Among the lines below, copy exactly those from the one with "House for rent: 17" through the one with "I LOVE KOS - Forum", counting both ends.

[[ Records, beginning ]]

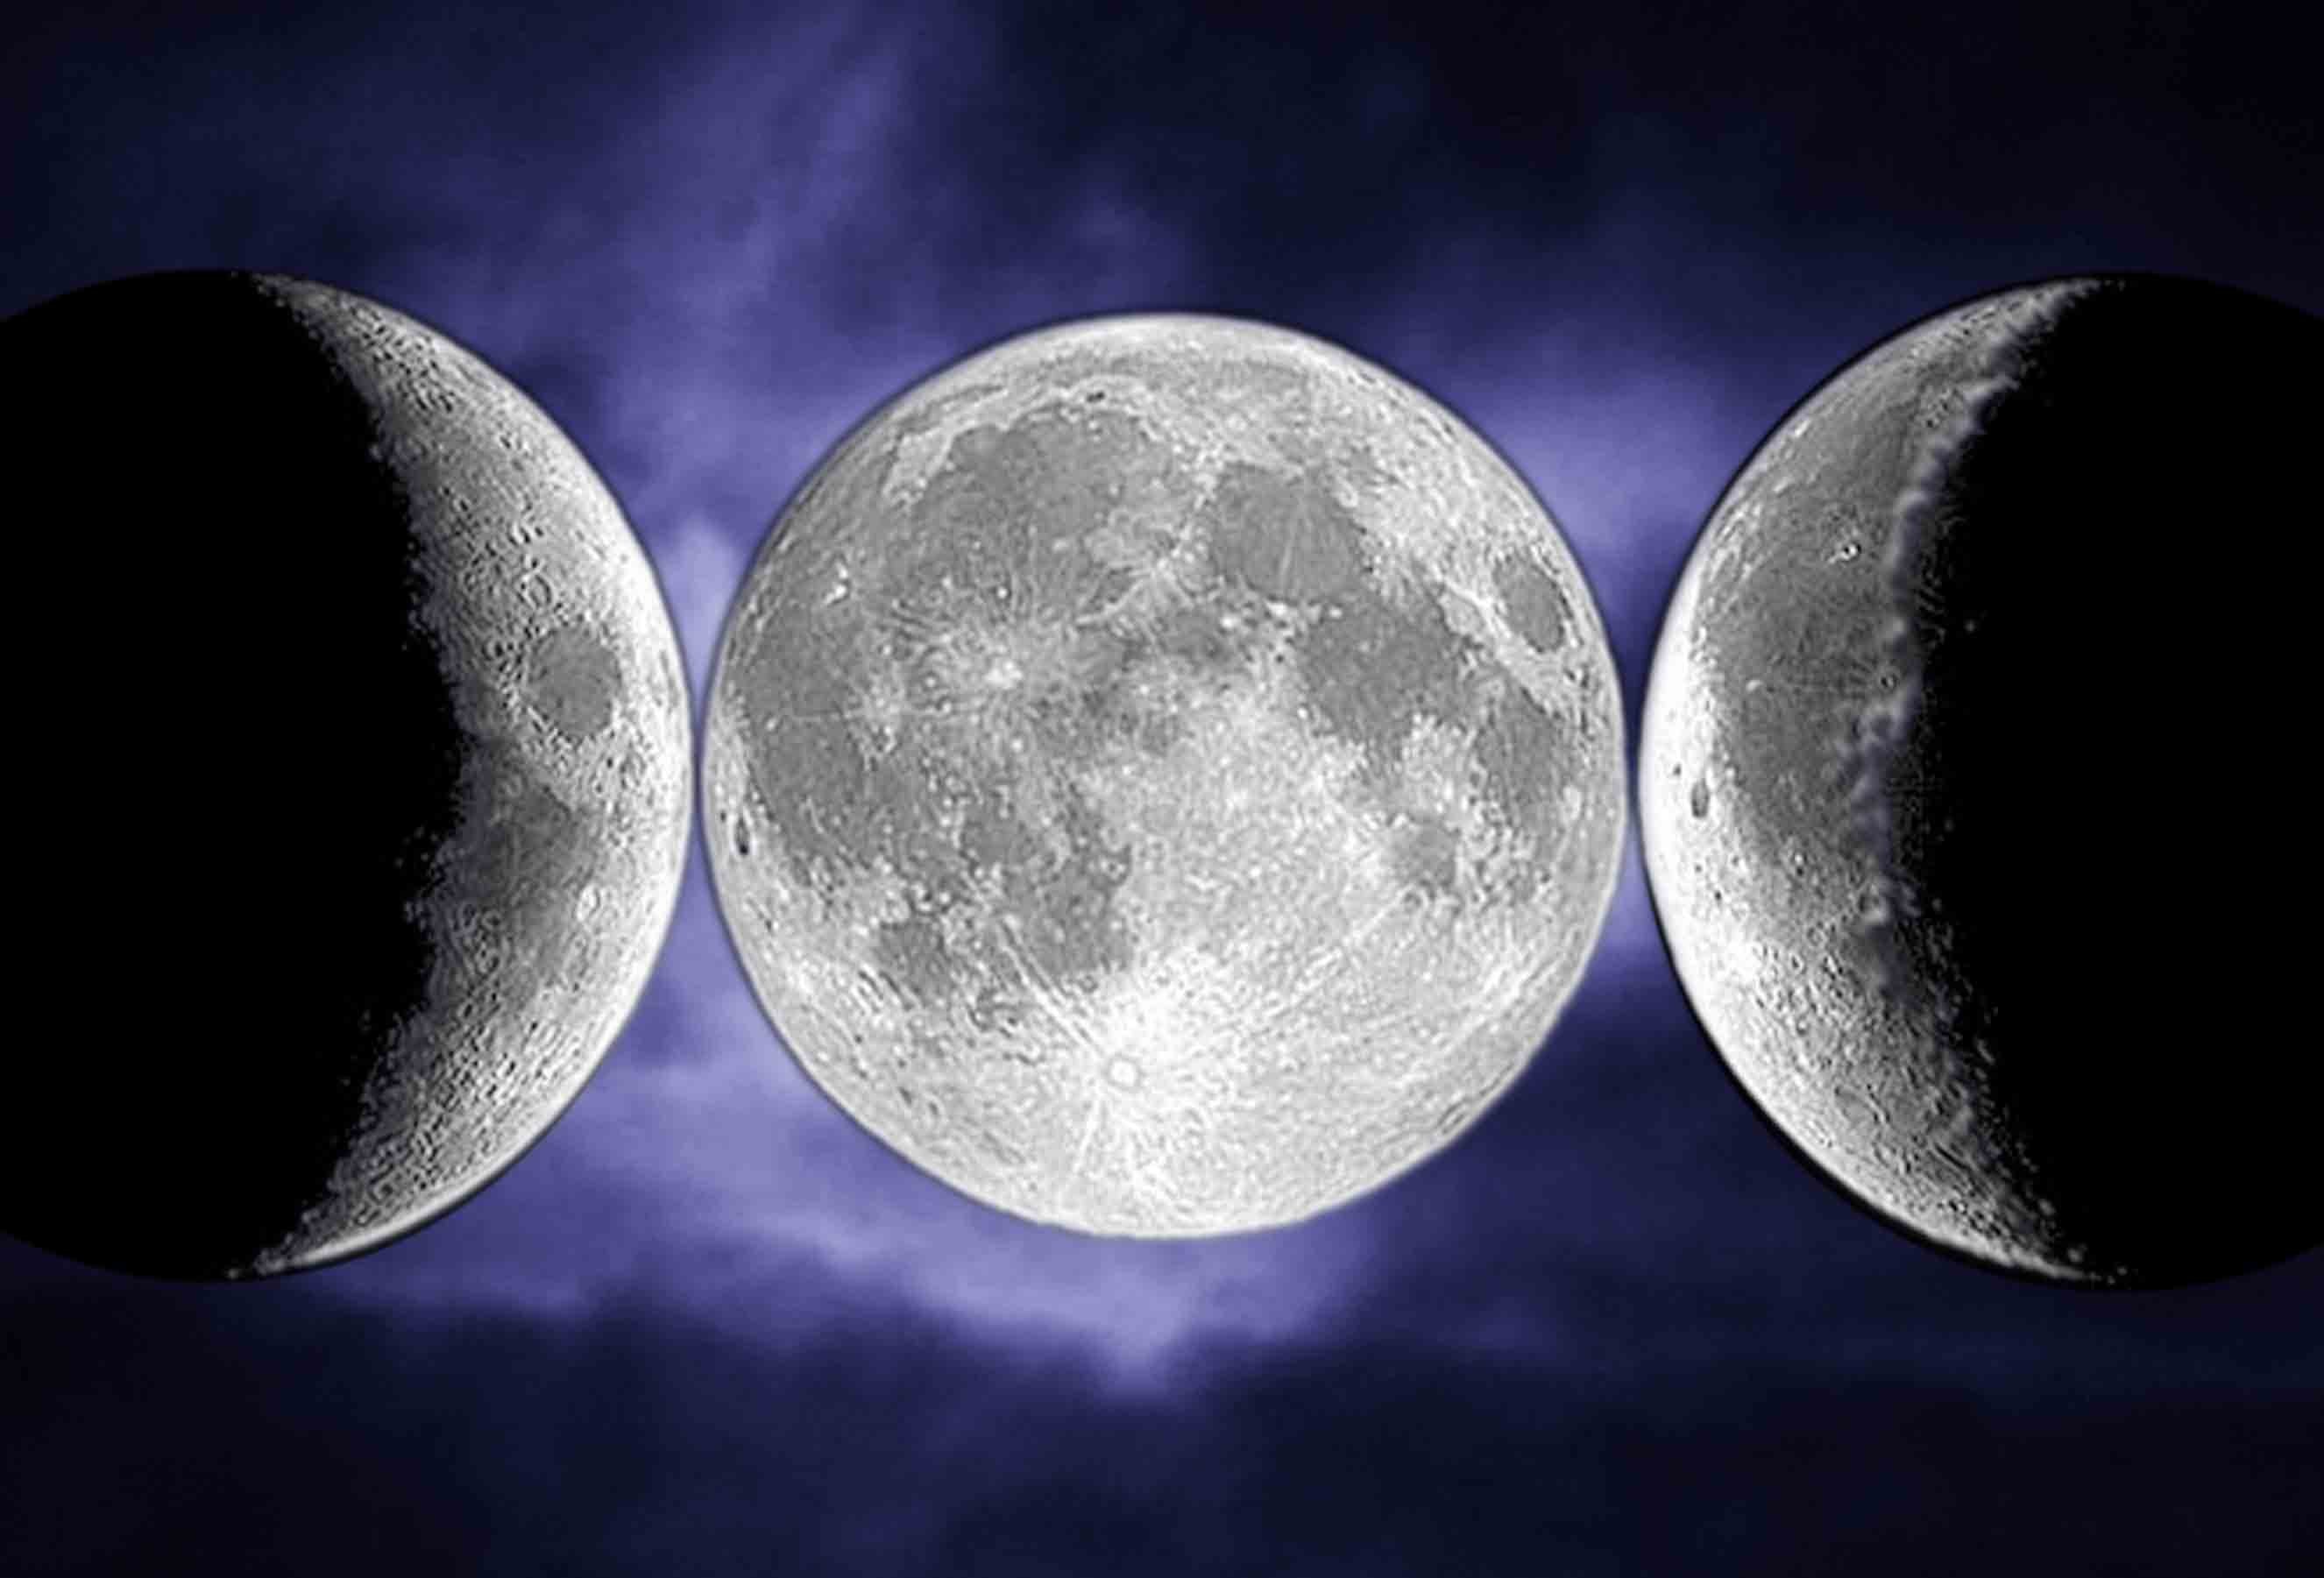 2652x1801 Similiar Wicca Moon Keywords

[[ Records, end ]]
[[ Records, beginning ]]

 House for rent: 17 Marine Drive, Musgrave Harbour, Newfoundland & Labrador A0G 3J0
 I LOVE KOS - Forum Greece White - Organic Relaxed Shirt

[[ Records, end ]]

## Output for this task
 House for rent: 17 Marine Drive, Musgrave Harbour, Newfoundland & Labrador A0G 3J0
 I LOVE KOS - Forum Greece White - Organic Relaxed Shirt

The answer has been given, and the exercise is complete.